Reputation: 335
I have a dataframe test that looks like this:
ID Month1 Month2 Month3 Month4 Month5 Month6 Month7 Month8
A 0 1 1 1 1 0 0 0
B 0 1 1 1 0 0 NA NA
C 0 0 0 0 NA NA NA NA
D 0 1 1 1 1 1 1 1
E 0 1 1 0 0 0 1 1
F 0 0 0 1 1 1 1 1
G 0 0 1 1 0 0 0 0
H 0 0 0 0 0 0 0 0
I want to create a conditional variable “Result” within the data frame that counts the number of times 1 is repeated in a row. However, I only want to count the first set of 1s that is followed by a 0, which means that there are three conditions that I need to keep in mind when crating the “Result” variable. The conditions are as follows:
Condition 1: Count the first set of 1s that end with a 0.
Condition 2: If the set of 1s does not end in 0 or ends in NA, Result=NA
Condition 3 If there are two sets of 1s that end in the zero, ignore the second one.
ID Month1 Month2 Month3 Month4 Month5 Month6 Month7 Month8 Result
A 0 1 1 1 1 0 0 0 4
B 0 1 1 1 0 0 NA NA 3
C 0 0 0 0 NA NA NA NA 0
D 0 1 1 1 1 1 1 1 NA
E 0 1 1 0 0 0 1 1 2
F 0 0 0 1 1 1 1 1 NA
G 0 0 1 1 0 0 0 0 2
H 0 0 0 0 0 0 0 0 0
This that I have tried so far:
test$Result=apply(test[,c(2:9)],1,function(x) length(x[x==1&!(is.na(x))]))
this counts the total number of 1 in the row and not just the first set of ones.

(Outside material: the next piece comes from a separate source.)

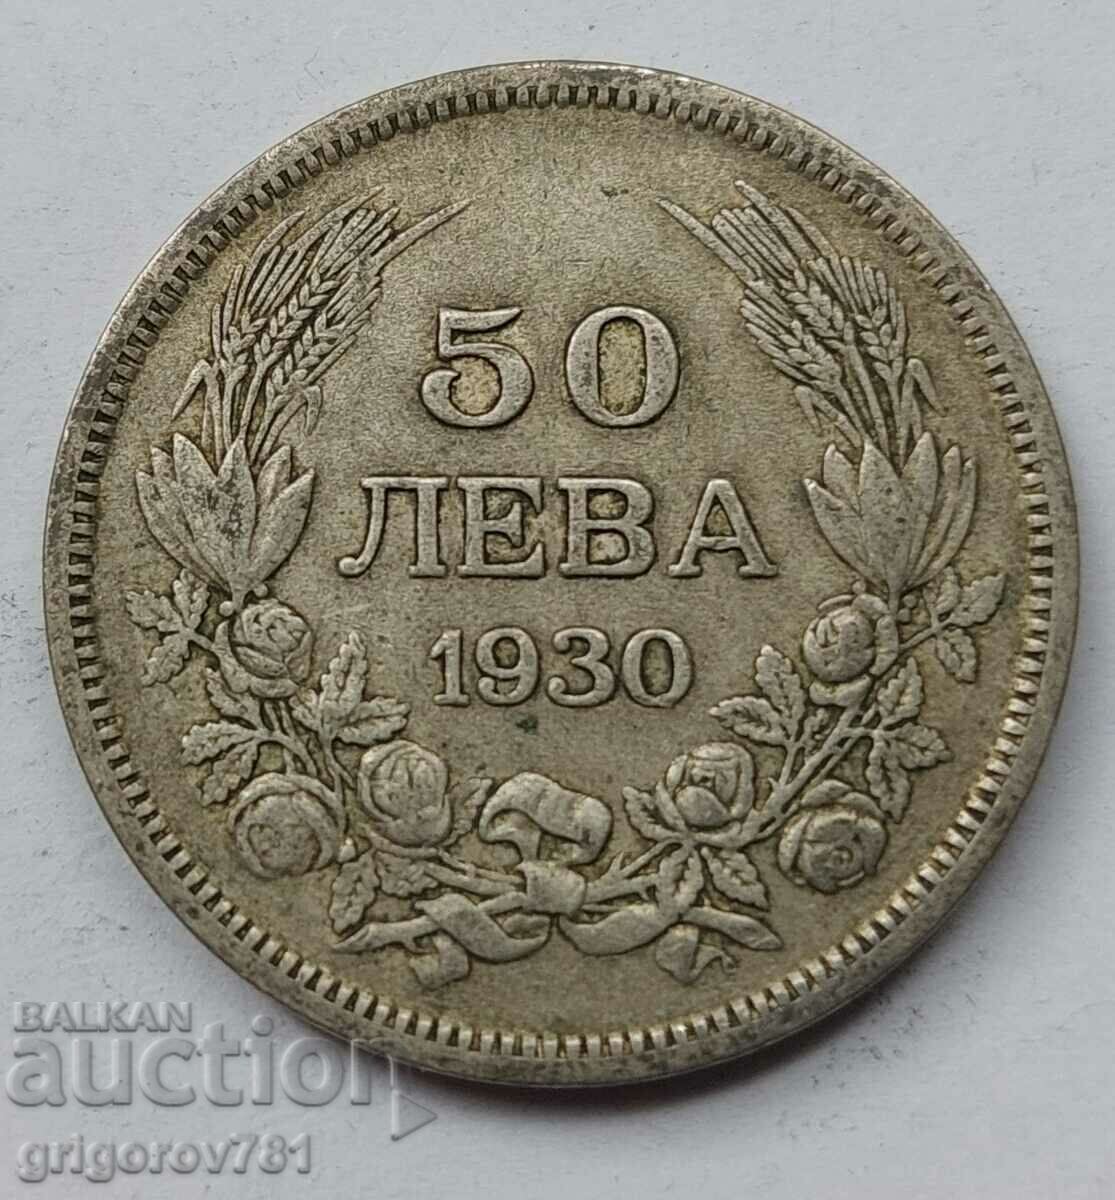 50 leva silver Bulgaria 1930 - silver coin #76

Any and all help would be much appreciated.
Upvotes: 2
Views: 315
Reputation: 17412
This should work although there may be a tidier solution:
FindResult = function(x)
{
RLE = rle(x)
i = which(RLE$values == 1)[1]
if(is.na(i))
return(0)
if (length(RLE$values) > i & RLE$values[i + 1] == 0)
return(RLE$lengths[i])
else
return(NA)
}
Result = apply(df[,-1], 1, FindResult)
> Result
[1] 4 3 0 NA 2 NA 2 0
Upvotes: 1
Reputation: 206232
I think using rle()
to calculate `lengths of runs of values would be helpful here. Here's how i'm assiming your data is stored in R
dd <- structure(list(ID = structure(1:8, .Label = c("A", "B", "C",
"D", "E", "F", "G", "H"), class = "factor"), Month1 = c(0L, 0L,
0L, 0L, 0L, 0L, 0L, 0L), Month2 = c(1L, 1L, 0L, 1L, 1L, 0L, 0L,
0L), Month3 = c(1L, 1L, 0L, 1L, 1L, 0L, 1L, 0L), Month4 = c(1L,
1L, 0L, 1L, 0L, 1L, 1L, 0L), Month5 = c(1L, 0L, NA, 1L, 0L, 1L,
0L, 0L), Month6 = c(0L, 0L, NA, 1L, 0L, 1L, 0L, 0L), Month7 = c(0L,
NA, NA, 1L, 1L, 1L, 0L, 0L), Month8 = c(0L, NA, NA, 1L, 1L, 1L,
0L, 0L)), .Names = c("ID", "Month1", "Month2", "Month3", "Month4",
"Month5", "Month6", "Month7", "Month8"), class = "data.frame",
row.names = c(NA, -8L))
Then I would run code like
dd$Result <- apply(dd[, -1], 1, function(x) {
rr<-rle(x)
f1<-which(rr$values==1)[1]
if ( is.na(f1) ) {
0
} else if (!is.na(rr$values[f1+1]) && rr$values[f1+1]==0) {
rr$lengths[f1]
} else {
NA
}
})
which gives
ID Month1 Month2 Month3 Month4 Month5 Month6 Month7 Month8 Result
1 A 0 1 1 1 1 0 0 0 4
2 B 0 1 1 1 0 0 NA NA 3
3 C 0 0 0 0 NA NA NA NA 0
4 D 0 1 1 1 1 1 1 1 NA
5 E 0 1 1 0 0 0 1 1 2
6 F 0 0 0 1 1 1 1 1 NA
7 G 0 0 1 1 0 0 0 0 2
8 H 0 0 0 0 0 0 0 0 0
as you desired.
You do have a few edges cases that made this code somewhat tricky. First we have to see of there are any 1's; if not, we return 0. Then if there is a one, we want to make sure it's followed by a 0, otherwise return NA
. We perform this logic for each row with an apply()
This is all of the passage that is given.